If you recall, the city leaders have built policy around the idea of preserving what they term a “ribbon of green” that is our river valley. They do this as a system of trails and public parks rivaling the accessible and recreational natural areas of most cities around the world. In fact, many locals often use the comparison to NYC’s Central Park of which Edmonton’s river valley is approximately twenty-two times the size, but spread across nearly fifty kilometers of riverbanks. Of course, preserving a public green space in the middle of Manhattan is a whole different scale of forethought compared to us just avoiding putting some suburban houses on the unpredictable steep cliffs and sandy soil sides of a prairie river, but don’t say that too loudly if you come to visit our river trails.

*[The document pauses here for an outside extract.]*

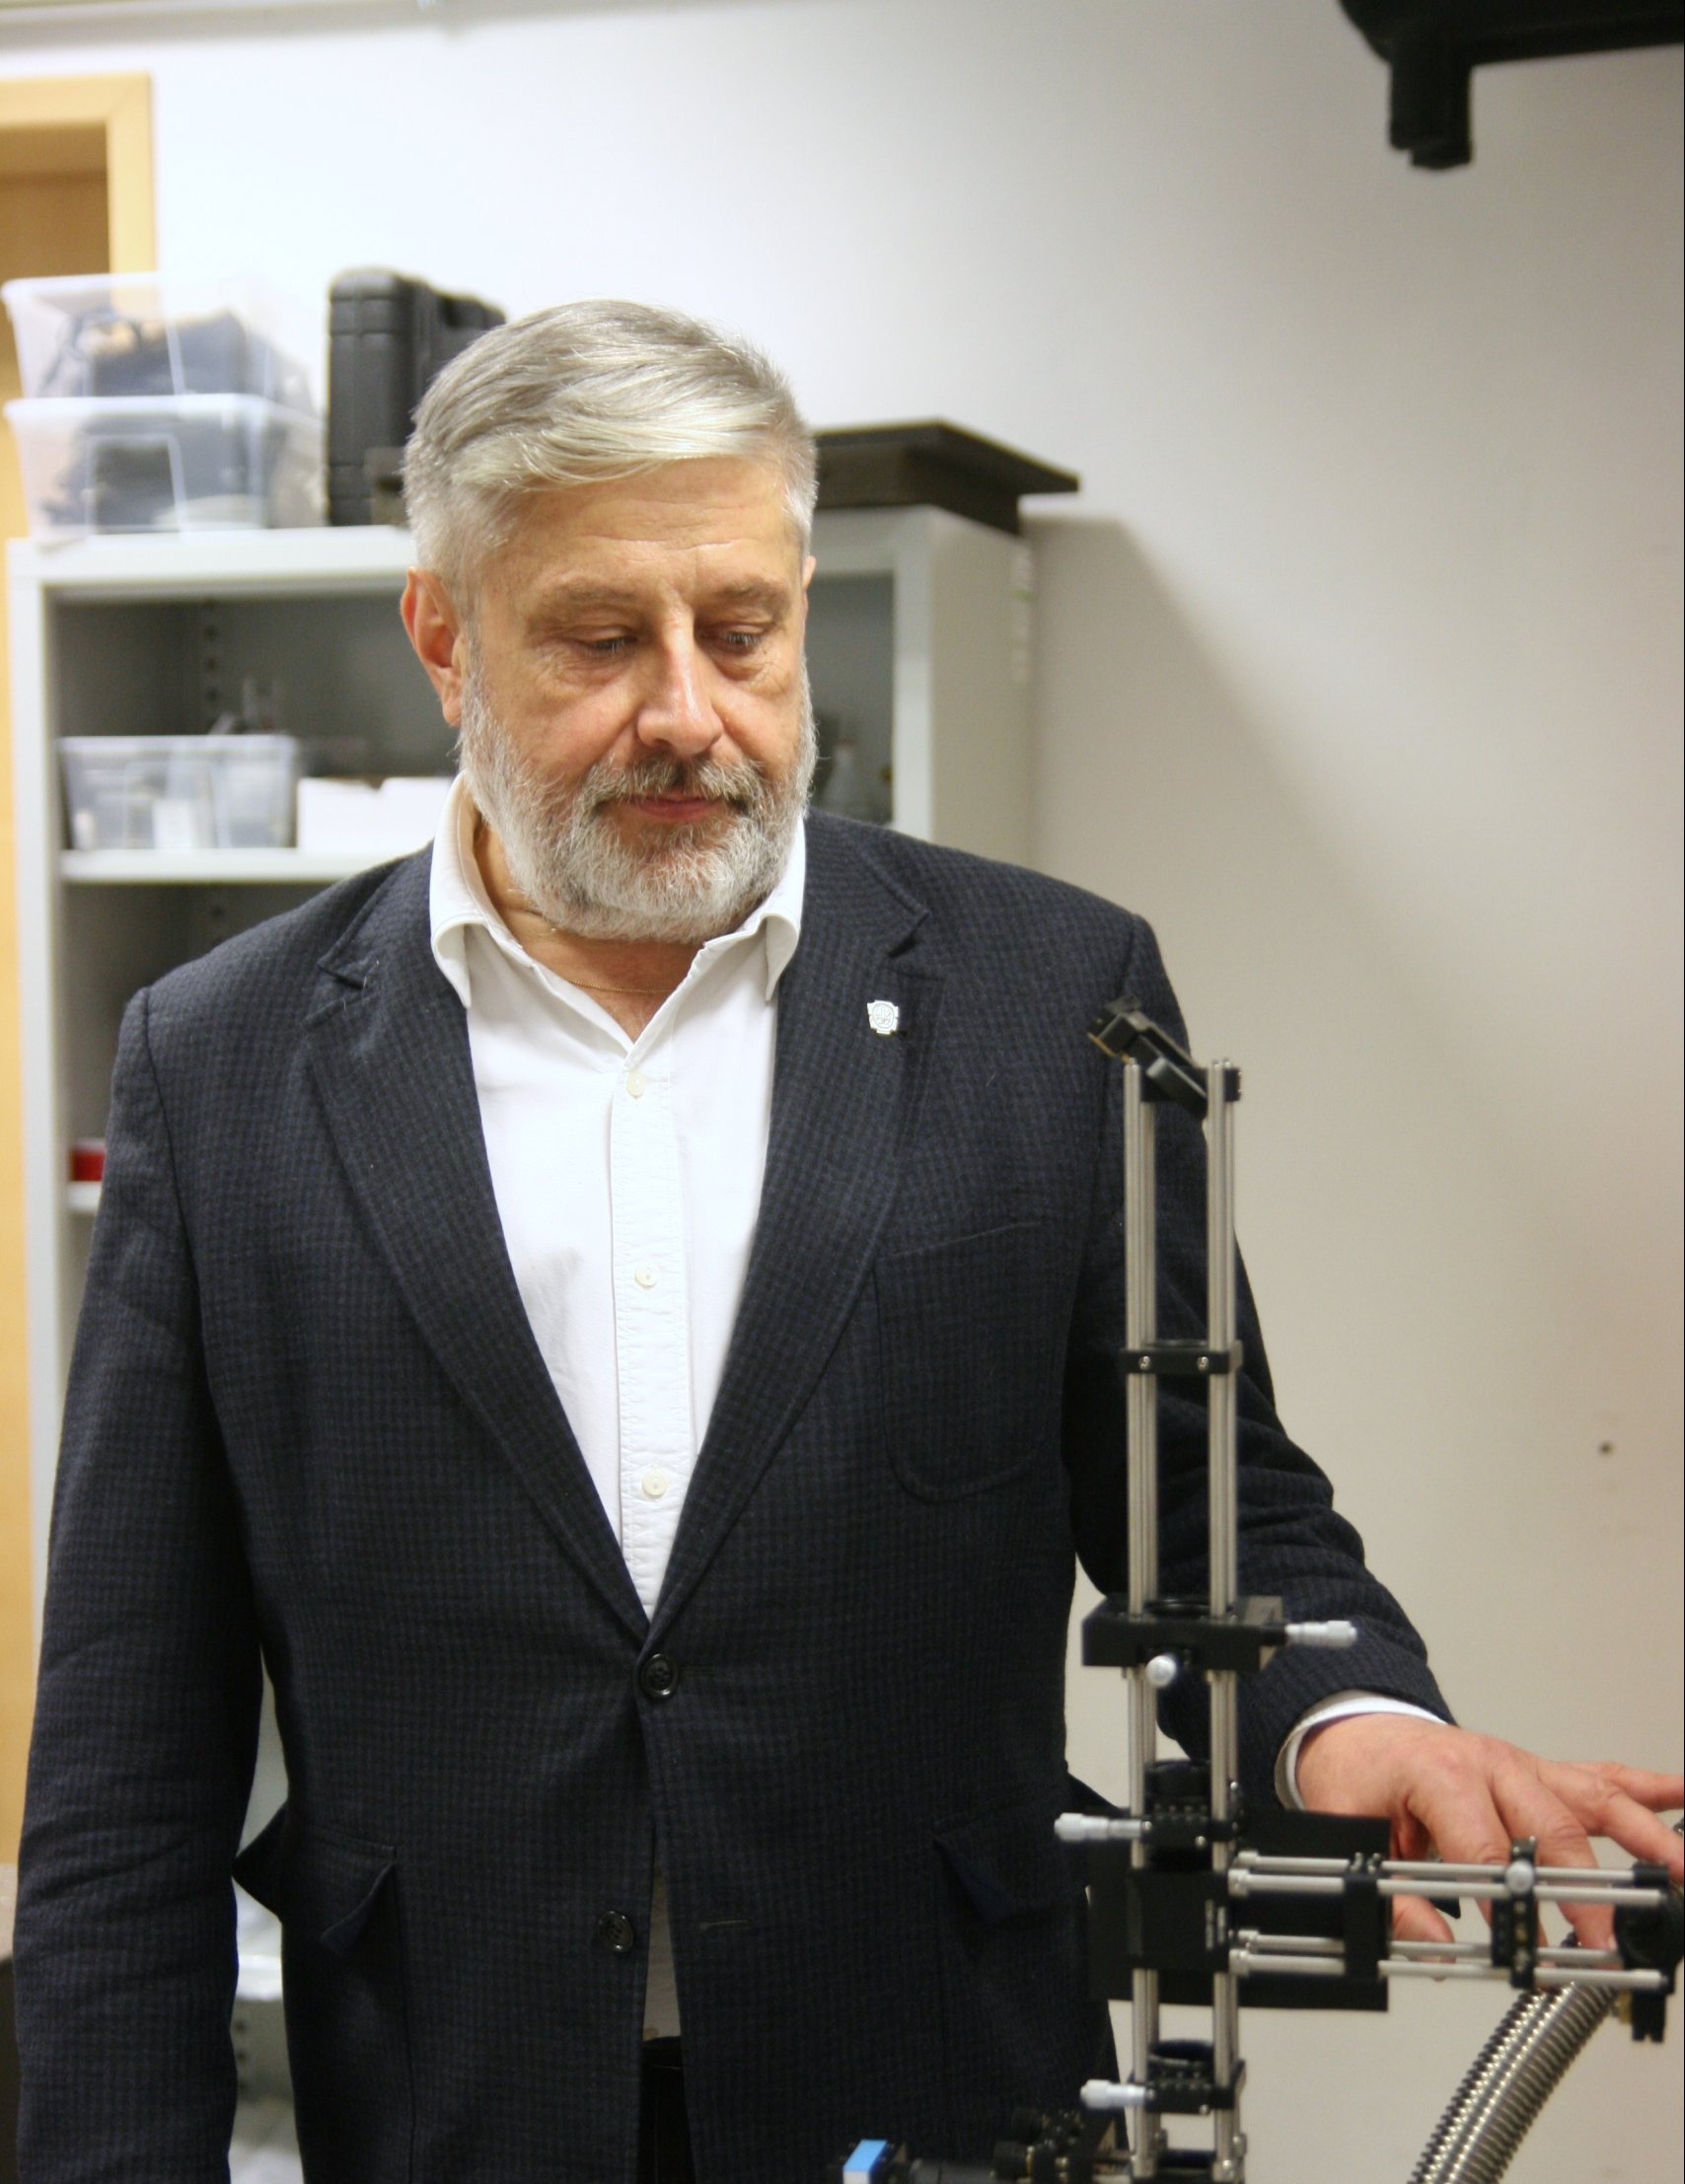 Professor Adam Babiński demonstrating the operation of the helium gas recovery infrastructure

I’ve had it in my head to explore south of this preserved system and beyond the city borders, particularly so when I learned that a few kilometers past the so-called “end of the trail” is an oxbow formation in the land, a place where the river once sharply bent and carved off a little bubble of land but has long since shortcut and left a quasi-island nestled into the edge of the same river valley.

I’ve got maps and diagrams to explain all this in part one, and it is where I also explain that this little oxbow island, named Big Island, has a long secret local history and is now slated to become officially protected with a provincial park designation.

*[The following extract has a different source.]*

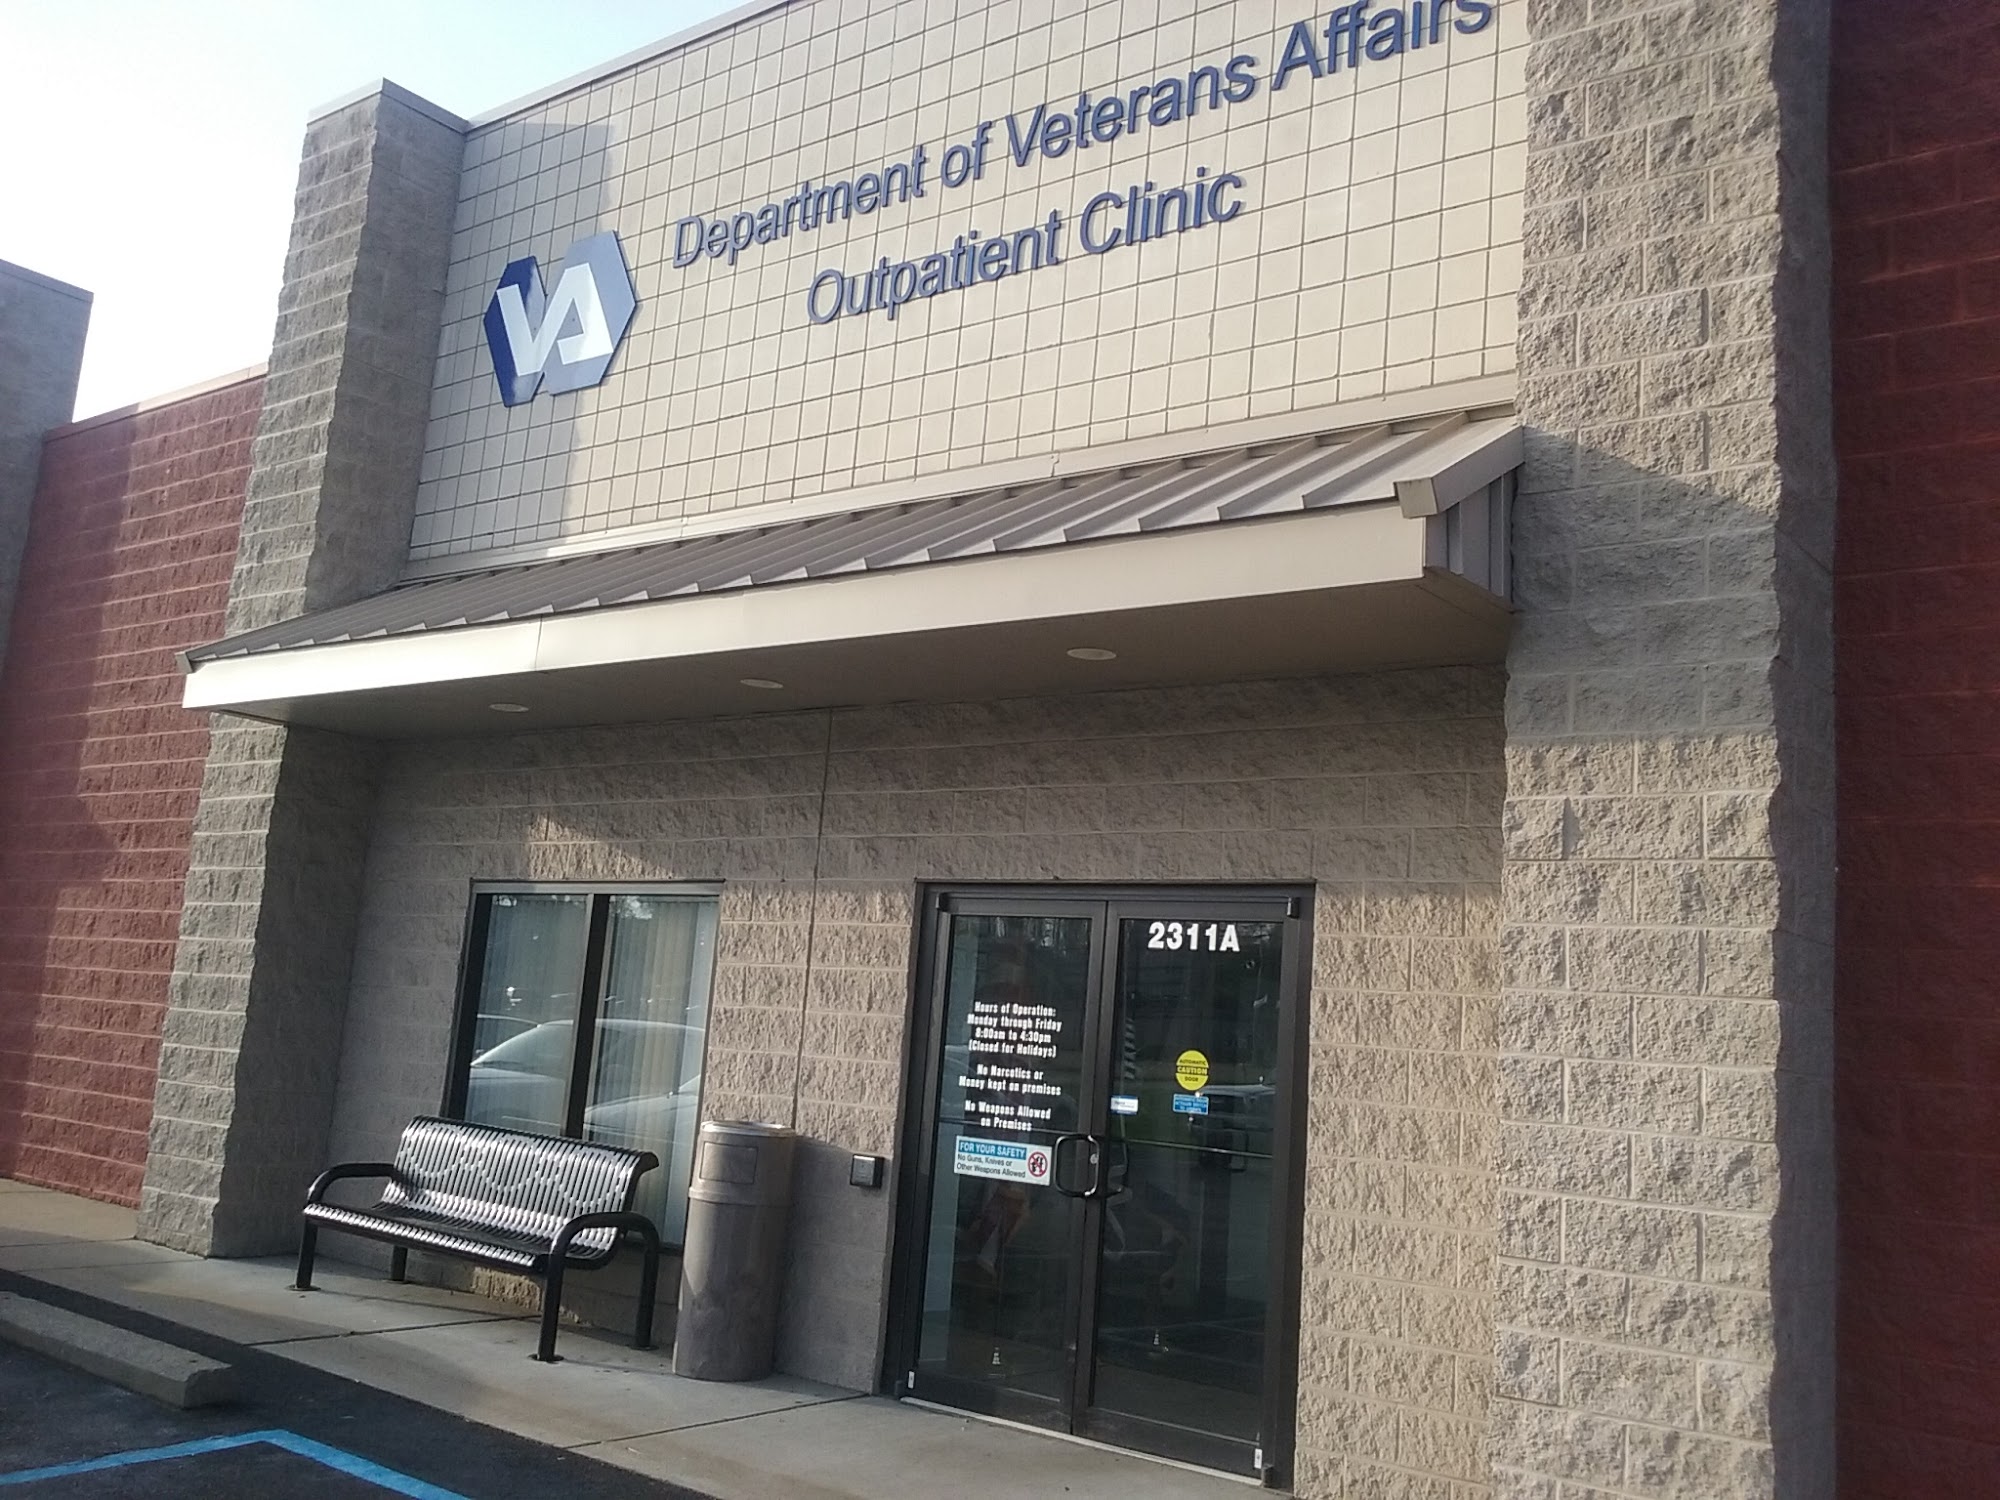 VA Outpatient Clinic - Wood County

All this, and yet no one really knows how to get there.

Of Adventure Runs

Having discovered that such a mystery exists, I got it into my head to find a way to visit.

This past Wednesday evening I proposed an adventure to my running crew. Each Wednesday over the summer, after all, we meet to do an exploration run of some bit of local trail that few of us have previously visited. I asked, with couched expectations, if anyone was interested in trying to find a trail to Big Island.

There were five of us who broke from the even, clear asphalt shortly after seven that evening, and climbed into a narrow stretch of single-track trail leading into the river valley woods along a route I’d often seen but never travelled.

The heat was still lingering with a sweltering, humid hot that made the rolling trails even more of a challenge than they should have been. Yet, the rough trail, unchecked by anyone but the more hardcore of local adventurers, was mere scrambles of dirt and roots and bits of low vegetation swatting our ankles as we ran by trying not to trip or stumble down a steep bit of path and often grabbing onto trees or branches to keep from a fall.

This path towards Big Island was not well-worn.

And in fact, this turned out to not be a path to Big Island at all.

With our phones in hand we plotted our location in the GPS map comparing our real time adventure to a satellite map of our intended destination. We estimated that at our nearest we were merely five hundred meters away from the shores of Big Island. But the path degraded into near non-existence, become a dense shrub-lined fox run at best, and at worst an anthill-infested maze not intended for a bunch of ill prepared runners in running shorts on a weekday evening schedule.

We turned back, unable to reach our destination on the first attempt, everyone a bit disappointed but beyond fine with the adventure and attempt. Meanwhile I secretly plotted how part three of this mystery might unfold. Someday.